Paramètres de configuration

La définition des paramètres de calcul est réalisée à l’aide du logiciel Edamox. Celui-ci est constitué de neuf interfaces dans lesquelles il va falloir paramétrer les valeurs afin de lancer la simulation.

Special modules

Ce bouton permet de choisir entre un cas eau/vapeur, eau/non condensable et une option aucuns. C’est la dernière qui sera cochée puisque pour le moment il n’y a pas formation de vapeur.

Fluid and flow properties

Dans cette rubrique nous définissons le nombre de phase à 1, l’eau liquide, puis remplissons ses caractéristiques comme vues précédemment, à savoir, sa masse volumique, sa viscosité dynamique (en Pa.s),… Par défaut un diamètre des particules est fixé à 0,003 mètres.
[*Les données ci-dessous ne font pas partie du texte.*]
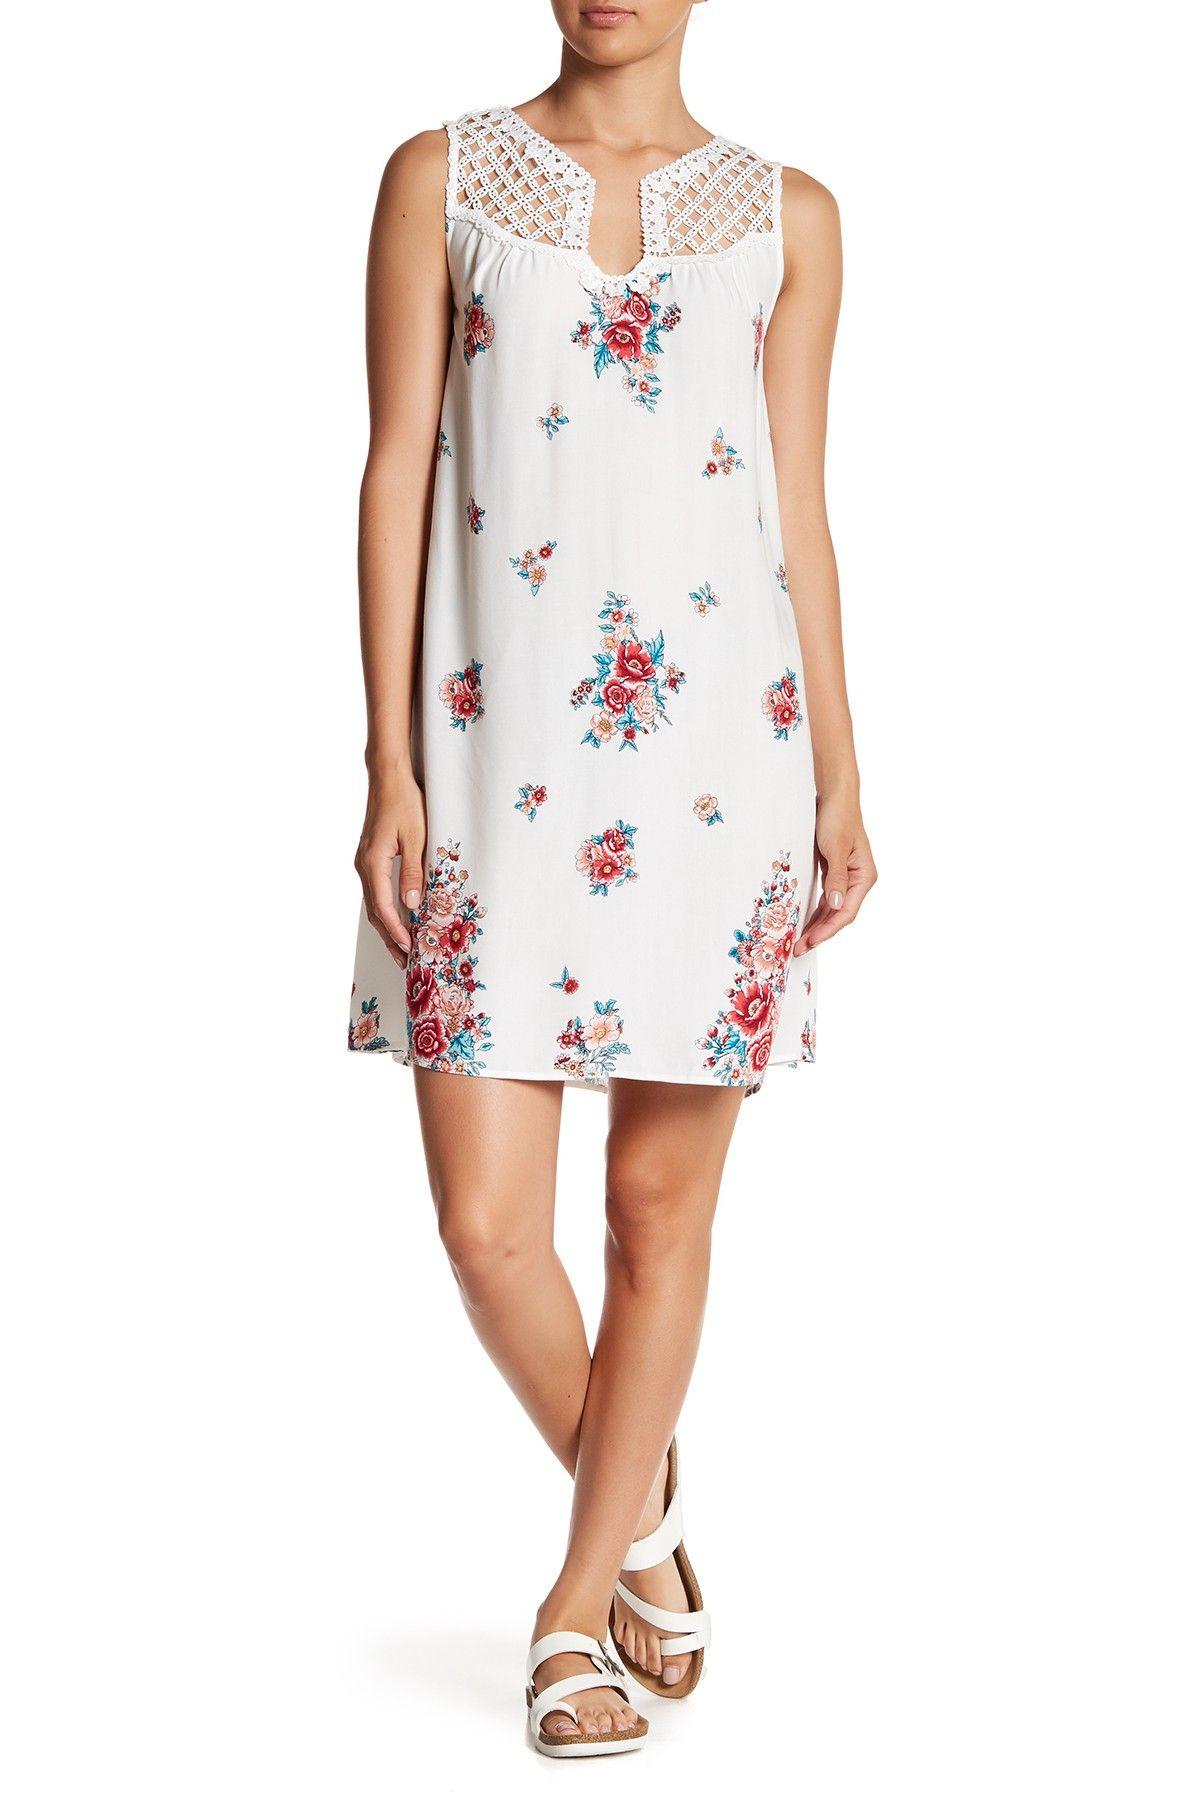 Tassels N Lace Crochet Yoke Floral Dress Products

Cette valeur n’est pas prise en compte dans l’algorithme puisque l’on ne travaille pas avec des particules mais avec de l’eau liquide dans laquelle on ne définit pas la taille des molécules d’eau. Cette valeur aura du sens lorsque l’on voudra définir des bulles de gaz en entrée par exemple. Le coefficient d’élasticité est également propre aux particules donc il n’intervient pas et sa valeur sera celle par défaut.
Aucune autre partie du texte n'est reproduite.